Мы рожаем их в муках. Пеленаем, кормим грудью, выводим гулять. Радуемся первому шагу, первому прорезавшемуся зубу. Волнуемся за них. Ах, моя боязнь пауков не спит ночью! Караул, у моего страха перед замкнутым пространством болит животик! Ужас, охватывающий меня при виде высоты, похудел и скверно выглядит!
Список фобий огромен. Мы нарожали их сверх всякой меры, нимало не заботясь о том, чем будем кормить такую ораву. Боязнь рептилий, электричества, пустых комнат, снега, света, темноты, демонов, справления малой и большой нужды, скорости, радиации, кукол, порчи… Наконец, панфобия – боязнь всего. Их больше, чем нас. Ими человечество отгораживается от неизвестности, заглядывающей с улицы в освещенное окно – наши страхи сильнее чужих страхов, уж они-то никому спуску не дадут, их армада непобедима, кто бы ни вторгся…
Без фобий мы одиноки. Но это не главное. Без фобий мы бессмысленны.
– На заре времен, – сказал маленький охотник Цагн, – я встретил детеныша антилопы. О, это был прекрасный детеныш! Он обладал белым брюхом, белой головой и белой задницей. И желтыми, как песок, боками обладал он, да. И загнутыми рожками, да. И большим, больше неба, счастьем, да.
– Достаточно, – сказал Джошуа Фластбер, этнолог. – Я уже понял. Это был выдающийся во всех отношениях детеныш. Скажи мне лучше, что ты делал на заре времен, если тебе всего двадцать три стандарт-года? Вот, смотри: я беру клипсу биоанализатора, защелкиваю у тебя на ухе – и анализатор точно указывает твой возраст.

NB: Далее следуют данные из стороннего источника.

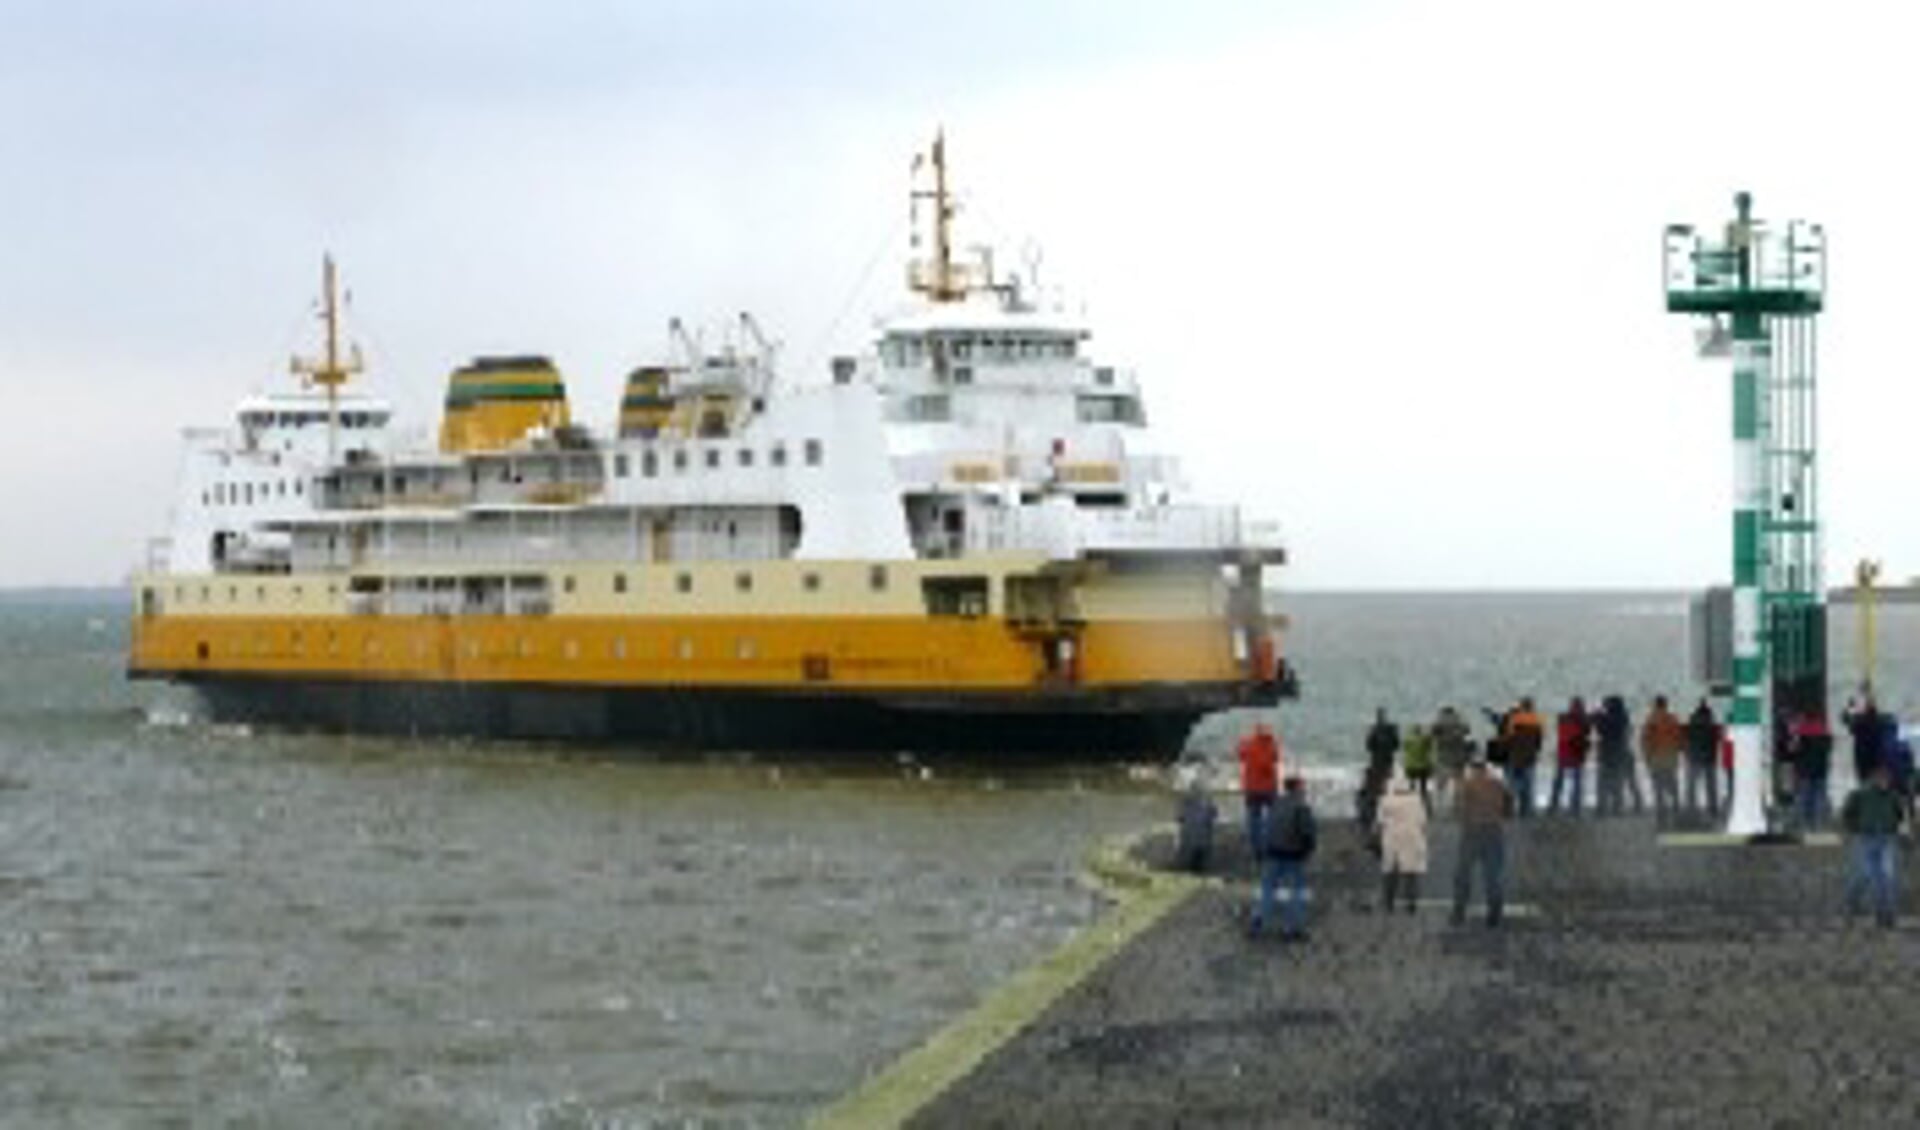 De voormalige veerboot Molengat wordt uitgezwaaid door vele belangstellenden. (Foto: Edo Kooiman)

– Я не знаю, что такое «двадцать три», – сказал маленький охотник Цагн. – Ты живешь в странном мире. Считать для тебя важнее, чем дышать. Как же мне не быть в начале времен, если я Цагн, Богомол, Создатель Вселенной? Как же мне не быть везде и всегда, да?
– Продолжай, – сказал Джошуа Фластбер, этнолог.
– Мы встретились на заре времен, – напомнил маленький охотник Цагн. – Я и прекрасный детеныш антилопы. От любви к детенышу мой живот раскалился. От любви к детенышу мои ягодицы увеличились, как в сытый год. Я пошел в пустыню Карагуа и нашел там мед диких пчел. «Ешь, дитя!» – сказал я детенышу антилопы, прекрасному, как то, о чем ты не хочешь долго слушать. И он съел, да. О, как чудесно он съел мед!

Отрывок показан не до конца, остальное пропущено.